Article de Yannick Guérin publié dans Ouest-France du 6 novembre

La direction régionale de Pôle Emploi a recensé 60 000 emplois dans l’économie maritime de Bretagne. Un vivier d’emplois nouveaux, estime l’étude.

emplois maritimes« L’économie maritime occupe une place remarquable dans l’ensemble de l’économie bretonne. Et son potentiel de développement constitue un vivier d’emplois nouveaux dans de nombreux secteurs d’activités », écrit Philippe Siebert, directeur régional de Pôle Emploi, dans une étude sur « la filière mer ».

À la différence du zoom socio-économique sur les activités marines dont l’agence régionale disposait déjà, et qui ne recensait que les métiers exercés en mer, l’étude s’est élargie aux « activités littorales, dédiées ou non à un usage marin ».

Qualifiée d' »approche grand large », elle permet ainsi de prendre en compte l’économie touristique. « Indirectement liés à la mer, les métiers de l’hôtellerie-restauration participent, par le volume d’emplois et la richesse créés, de façon décisive à la croissance de tous les autres secteurs du littoral ».

Métiers peu attirants

L’hôtellerie-restauration littorale apparaît d’ailleurs comme le premier employeur dans les familles de secteurs d’activité.

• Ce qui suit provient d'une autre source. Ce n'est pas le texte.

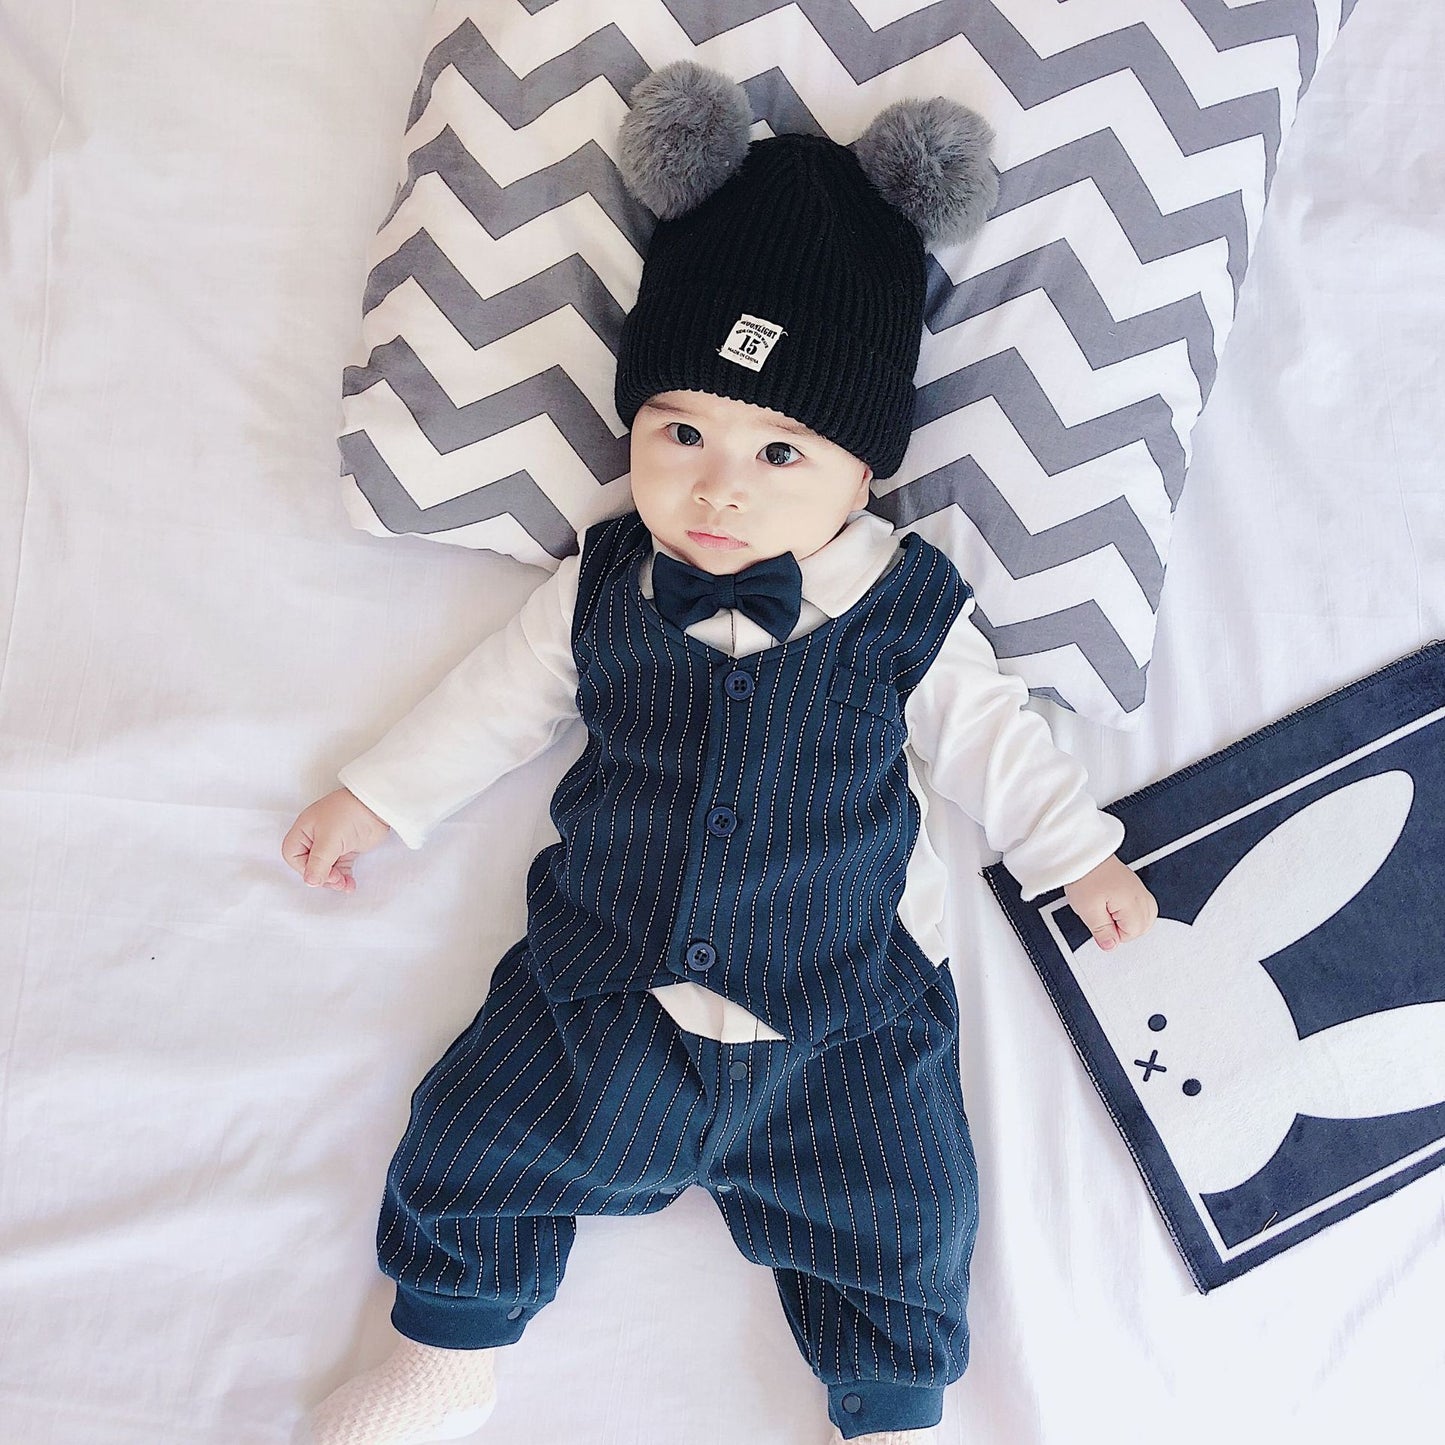 Cotton Newborn Baby Long Sleeve Romper Jumpsuits Outfits Boy Toddler  Handsome Gentleman Suit Clothes 0-12M

En 2014, elle employait 25 575 salariés (-2 % sur 5 ans) sur 60 004. Elle est suivie par les services portuaires et nautiques, 6 539 (+10 %) ; la construction et la maintenance navale, 6 024 (+14 %) ; la transformation des produits de la mer, 5 306 (-6 %) ; travaux en mer, 5 195 (+20 %) ; recherche et ingénierie maritime, 3 631 (+1 %) ; pêche et cultures marines, 2 939 (-8 %) ; personnel embarqué, 2 814 (+14 %) ; activité et loisirs littoraux (+3 %).

Fin juin 2015, 17 300 demandeurs d’emploi recherchaient du travail dans la filière mer, soit 7 % de la demande d’emploi totale en Bretagne. Leur nombre a augmenté de 10 % sur un an, rythme supérieur d’un point à l’ensemble de la demande bretonne.

Mais la mer n’attire pas pour autant les jeunes. Une étude de 2010 auprès de 350 collégiens, lycéens ou apprentis montrait que la mer n’était pas perçue comme un espace productif. Cette perception n’a pas dû beaucoup évoluer.

Les métiers spontanément cités étaient ceux de pêcheurs, de sauveteurs en mer, de marchands de glaces sur les plages (!) et des métiers de demain liés à l’écologie. Les deux tiers de ces jeunes trouvaient ces métiers « peu ou pas attirants ».

Il y a fort donc à faire pour conforter la Bretagne comme grande région maritime, en donnant une plus grande visibilité aux formations et aux métiers liés à la mer et au littoral, comme le soulignait une étude du Conseil économique, social et environnemental régional (Ceser).